На это дело, разумеется, можно взглянуть по-разному… Но Боловский, к несчастью, тотчас же начал бракоразводный процесс, а Хью привлек к делу как соучастника. И это, пожалуй, было еще не самое худшее. Боловский неожиданно обвинил его в умышленном обмане по иной линии, заявив, что Хью всучил ему для издания не собственные песни, а плагиат, два малоизвестных американских стишка. Хью был потрясен. Может ли быть такое? Неужели он всю жизнь свою прожил в мире, до такой степени иллюзорном, что мечтал об издании чьих-то чужих песен, уплатил за это из собственного кошелька или, вернее, из кошелька своей тетушки, а когда иллюзии рассеялись, то даже избавление от них, непостижимым образом, оказалось мнимым? Но в конце концов дело приняло не такой уж скверный оборот. Правда, относительно одной из песен обвинения были вполне обоснованы…

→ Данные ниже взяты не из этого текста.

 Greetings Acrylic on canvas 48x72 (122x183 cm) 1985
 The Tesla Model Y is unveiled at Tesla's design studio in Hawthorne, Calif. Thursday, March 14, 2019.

Лежа на кушетке, Хью грыз сигару. Боже всемогущий. Господи боже всепроклятущий. Само собой, он, Хью, знал все заведомо. Знал, что он знает все это. Но в исполнительском азарте звуки гитары вселяли в него уверенность, что чуть ли не каждую песню сочинил именно он. И хотя американский стишок сам по себе был плагиатом, это нисколько не облегчало положения. Хью пал духом. Жил он тогда в Блэкхите и однажды, преследуемый угрозой разоблачения, пошел пешком в город, до которого было пятнадцать миль, через трущобы Льюишема, Кэттфорда, Нью-Кросса, по Олд-Кент-роуд, мимо, ох, «Белого слона», прямо в центр Лондона. Злополучные песни преследовали его, они звучали в минорном ключе, наполняя душу ужасом. Ему хотелось затеряться в этих нищенских, унылых кварталах, которые казались Лонгфелло столь романтическими. Хотелось провалиться сквозь землю, только бы спастись от позора. А позор неизбежен. Реклама, которую он некогда сам себе устроил, тому порука. Что подумает тетушка? И Джефф?

И те немногие друзья, которые в него верили? Хью мысленно учинил последний, небывалый еврейский погром; но все было тщетно. В конце концов он готов был радоваться, что родителей уже нет в живых. А его преподаватель в колледже вряд ли обрадуется первокурснику, замешанному в недавнем бракоразводном процессе; и слова-то какие отвратительные. Впереди беспросветный мрак, жизнь загублена, надежды нет, остается лишь пойти опять матросом на первое попавшееся судно, сразу же, как только все это кончится, а еще лучше – прежде чем начнется.

Но нежданно свершилось чудо, нечто поразительное, непостижимое, чему Хью и по сей день не мог найти логического объяснения. Боловский вдруг махнул на все рукой. Он простил свою жену. Призвав к себе Хью, он с необычайным великодушием простил и его. Бракоразводный процесс был прекращен. Дело о плагиате тоже. Все это чистейшее недоразумение, заявил Боловский. И в конце концов песни сбыта не имели, так о каком же ущербе может идти речь? Нужно все забыть, и чем скорей, тем лучше. Хью не верил своим ушам: даже теперь, вспоминая, он снова не мог этому поверить, не мог поверить, что вот так, сразу, хотя совсем еще недавно все, казалось, было уже безвозвратно потеряно и жизнь загублена навек, для него, как ни в чем не бывало, открылась возможность прийти…

– На помощь.

Джеффри стоял в дверях своей комнаты, одна щека у него была намылена; дрожащей рукой, сжимавшей помазок, он звал к себе, и Хью, выбросив растерзанную сигару в сад, встал с кушетки и пошел за ним следом. Он всегда проходил через эту необычную комнату, чтобы попасть к себе (его дверь была приотворена, и сквозь щель виднелась косилка), а теперь, после приезда Ивонны, он и в ванную мог попасть только отсюда. Чудесная комната и при скромных размерах дома необычайно просторная; окна ее, залитые солнцем, выходили на аллею, которая вела к калье Никарагуа. Здесь сладостно пахло духами Ивонны и через открытые окна струилось благоухание сада.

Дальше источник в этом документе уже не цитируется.